Meta Strings

by Marcel Garus · 2022-02-22 · 2 minute read · programming language design · Candy · code · available at mgar.us/meta-strings

Most programming languages have the concept of a string, a representation of text in the program. In some languages, you can even integrate code expressions in strings:

"Hello, {name}!\n"

Special characters like { or \ indicate that the following characters are not part of the string literal itself, but should instead be interpreted differently – they are escape sequences.

This approach comes with some problems: Now, to use { or \ in the string, you have to escape those as well. This is okay but makes strings with lots of special characters ugly. For example, the regex that matches words ending with \ can be written like \w\\+, but inside a string, it becomes even more bloated:

"\\w\\\\+"

Every level of abstraction doubles the number of escape characters: Regexes have escape characters, and strings escape those as well. If we wanted to write a program that outputs a regex in a JSON object, it would be even more ridiculous: "\\\\w\\\\\\\\+"

Some development environments like IntelliJ offer a meta-view of a string, where you can edit the raw string and you simultaneously edit the escaped version in your program code.

Rust offers an alternative to these escape sequences: Raw strings! If you open a string not with ", but with r#" instead, you can only end the string using "#. Even better: How many hash signs (also known as "octothorpes") you put at the beginning, you have to use the same number at the end of the string to close it. Here's this behavior expressed in a state machine:

state machine for Rust raw strings

This means you can copy-paste any content into your program and use it directly in a string without escaping individual characters. Instead, you just slap a bunch of hash signs at the beginning and end, and you're ready to use those bytes you pasted as a string:

let my_program = r##"
fn main() {
    let name = r#"world"#;
    println!("\"Hello, {}!\", said the program.", name);
}"##;

This example also highlights that you can use raw strings inside of other raw strings as long as the outer one is more meta than the inner one.

We think about implementing something similar in Candy: If you start your string with ''", it can only be ended with "''. You can increase the number of single quotes as needed.
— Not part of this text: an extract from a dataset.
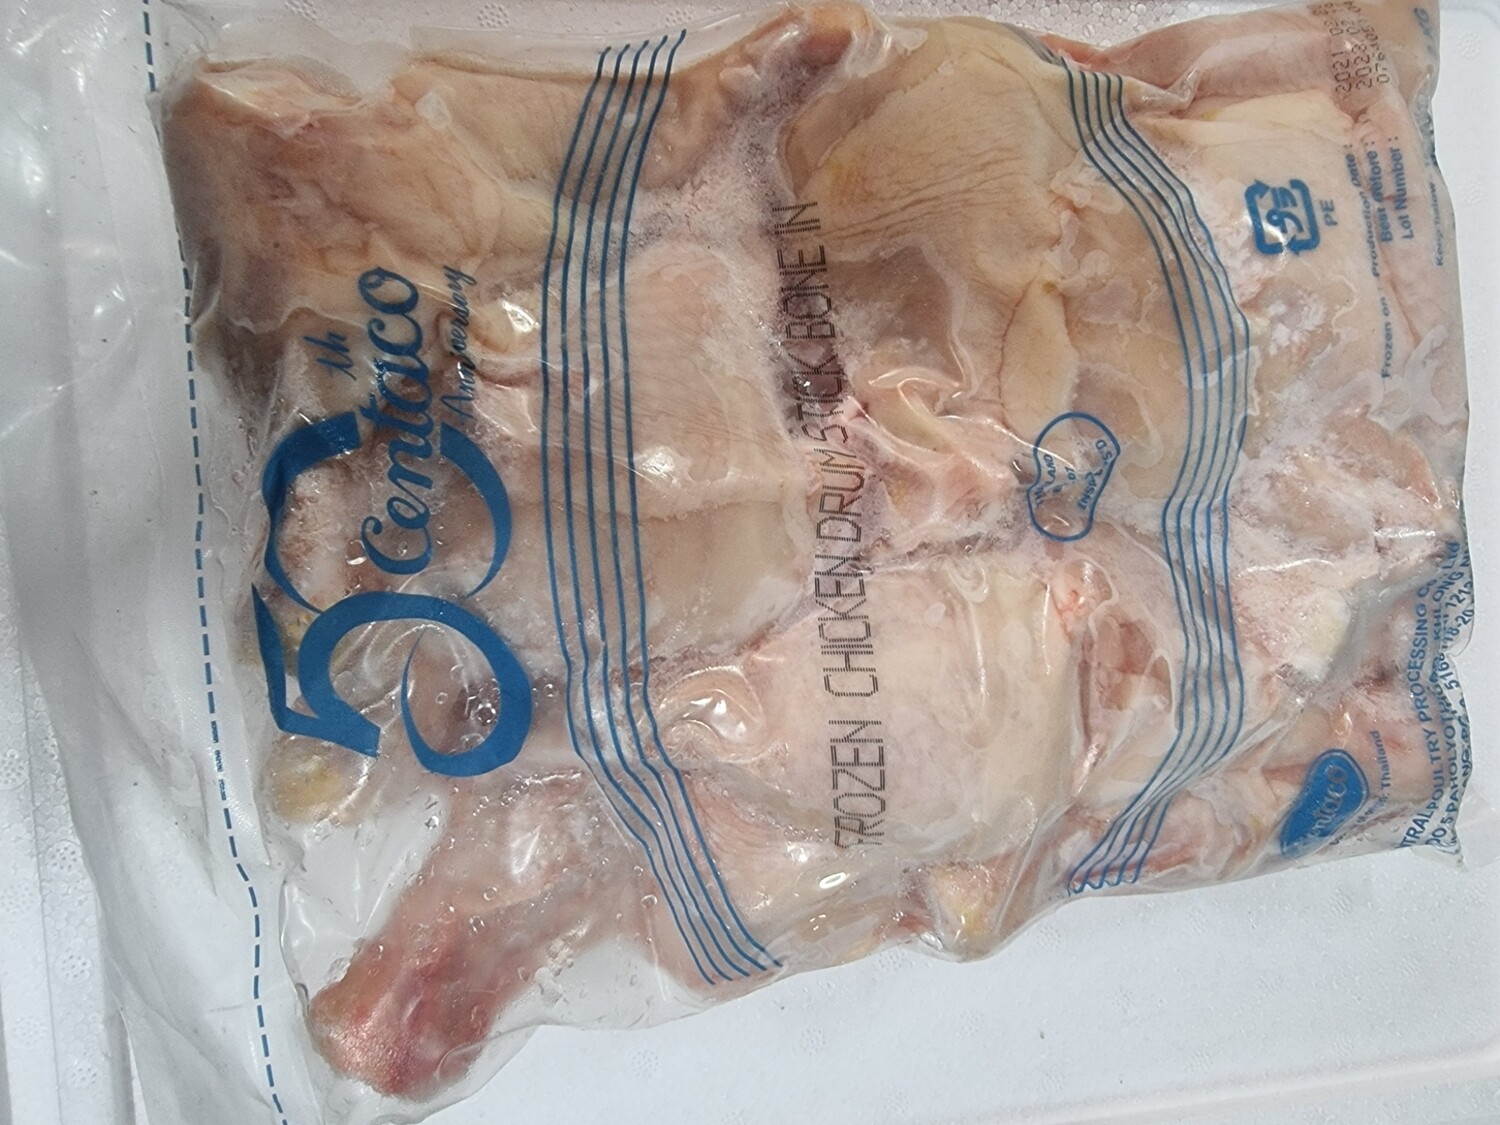 Paha ayam ada tulang 2kg halal

Unlike Rust's raw strings, we also want to allow string interpolation, as long as the interpolated code is wrapped in the same number of { and } as there are leading characters:

state machine for Candy strings

"A normal string with {interpolation}, but no double quotes."
'"A meta string can have double quotes. Here's a single one: ""'
'""Hello, {{name}}!" is what I said to {{name}}."'
''"Here's what an empty string looks like: "" This is meta meta!"''